# Dropping after retrieving?



## GoldenJona (Apr 3, 2010)

So when you throw the ball or whatever you throw for your dog to retrieve and he brings it back what do you say for him to let go?

Do you use let go, drop it, leave it, release? 

I want to make sure I'm not mixing up my words when I start training him.

Do you use leave it when he's about to pick something up that he shouldnt be?


----------



## Laurie (Sep 20, 2009)

When our dogs have something we want, we use "give it".

When they are looking at something they're not supposed to have, we use "leave it" or "don't touch".....they respond to both (we weren't totally consistent).

When they have retrieved a ball, we use "drop it"....actually for the most part, they (mostly Austin) drop it on their own in front of me and sit.

We also use "never mind".....that's typically when we're walking by another dog or something that has caught their attention that we don't want them focusing on.

Looking forward to seeing those long awaited pictures of baby Jona!!!


----------



## GoldenJona (Apr 3, 2010)

Laurie said:


> Looking forward to seeing those long awaited pictures of baby Jona!!!


It feels like it's been forever huh?

Well I just have 1 more hour left of my shift right now, go home sleep for a couple of hours go back to work for an 8 hour shift go running and go to sleep and wake up and drive to pick him uppppp.:banana::greenboun


----------



## RedDogs (Jan 30, 2010)

You can pick whatever words you like.

Here it's "out" for one and "Drop it" for the other two. We use "Leave it" for leaving alone soemthing they're thinking about touching.


----------



## turtle66 (Feb 19, 2010)

Like you said - the point is - not to mix it up. I made a consensus  list for my husband and me which words we will use for what. We use 'drop it' for dropping the ball after retrieving and "leave it' to leave something she shouldn't touch, but I think it really doesn't matter as long as you are consistent. The list we made was particularly helpful for our dog trainer we had for a short time...

Have fun with your new puppy!!

Heike


----------



## Oaklys Dad (Dec 28, 2005)

I use "drop" but the word is not important, consistency is. Sometimes it helps to teach if you have some treats in your pocket to offer in trade for the retrieved item.


----------



## MillysMom (Nov 5, 2008)

When I want Milly to place it in my hand I say "give it" when I want her to drop it on the ground because it is slobbery or something she shouldn't have gotten into I say "drop it". 

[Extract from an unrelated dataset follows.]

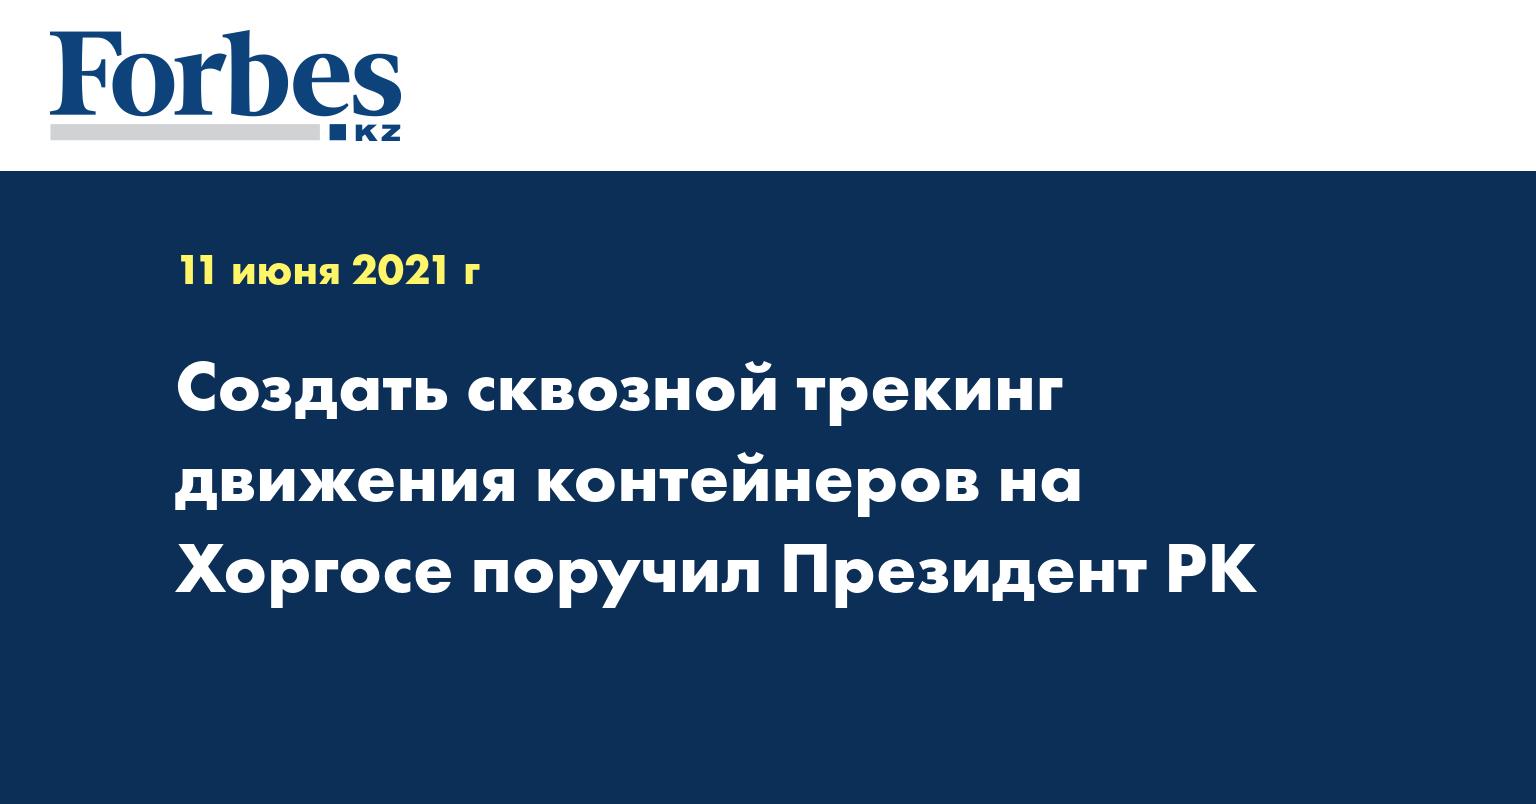 Создать сквозной трекинг движения контейнеров на Хоргосе поручил Президент РК
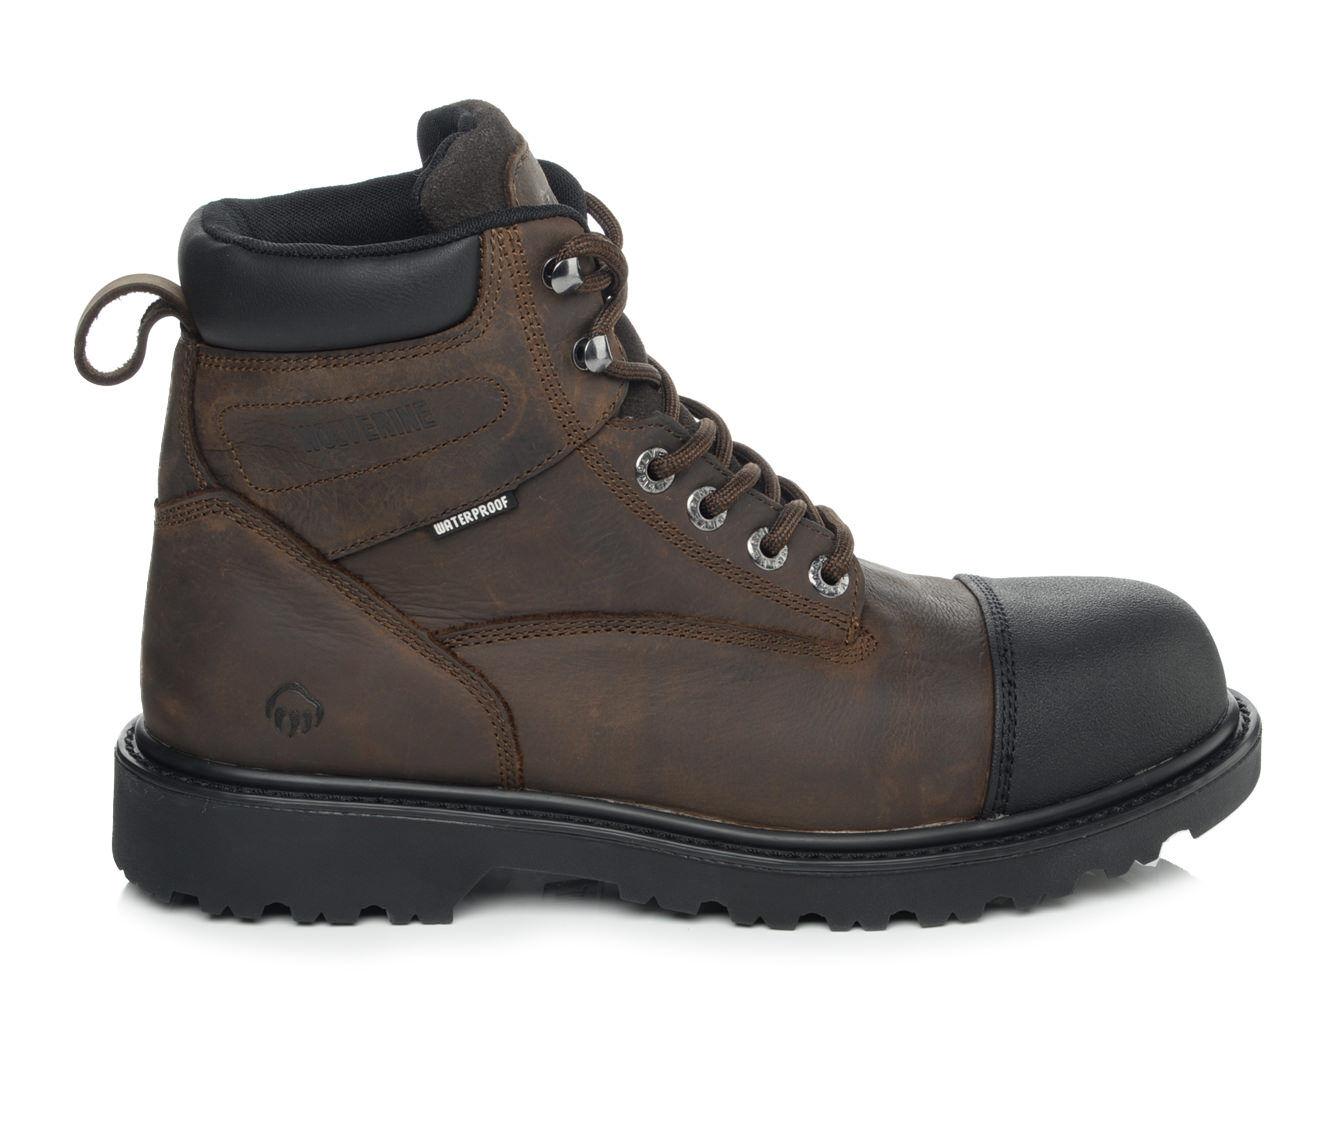 Men's Wolverine Rig 6 In Soft Toe Work Boots Dark Brown

Usually playing fetch starts with "give it" so I don't have to bend over for the tennis ball, but it inevitably ends in me bending over because the ball is so slobbery all I'm willing to say is "drop it". Thank goodness for the chuck-it so I don't have to touch it. I'm strange... no problems with most gross things, but I really don't like slobbery tennis balls.


----------



## GoldenJona (Apr 3, 2010)

to train for leave it, you put like a treat or something in front of him and say leave it and if he goes for it take it away and so no, and keep doing it until he leaves it for a good 30 seconds and then reward him with a treat or praise right? I've heard you dont reward him with the treat that is on the floor rather you give him a different one? if that makes any sense


----------



## Laurie (Sep 20, 2009)

GoldenJona said:


> to train for leave it, you put like a treat or something in front of him and say leave it and if he goes for it take it away and so no, and keep doing it until he leaves it for a good 30 seconds and then reward him with a treat or praise right? I've heard you dont reward him with the treat that is on the floor rather you give him a different one? if that makes any sense


I put the treat somewhere that they can reach it......in front of them, beside them, on the chair, on their paws, on the floor (and walk away) wherever....and tell them "don't touch". When I say okay "take it", they'll take it. Sometimes I will put it on their paws and count to five before they can have it...talk about torture!!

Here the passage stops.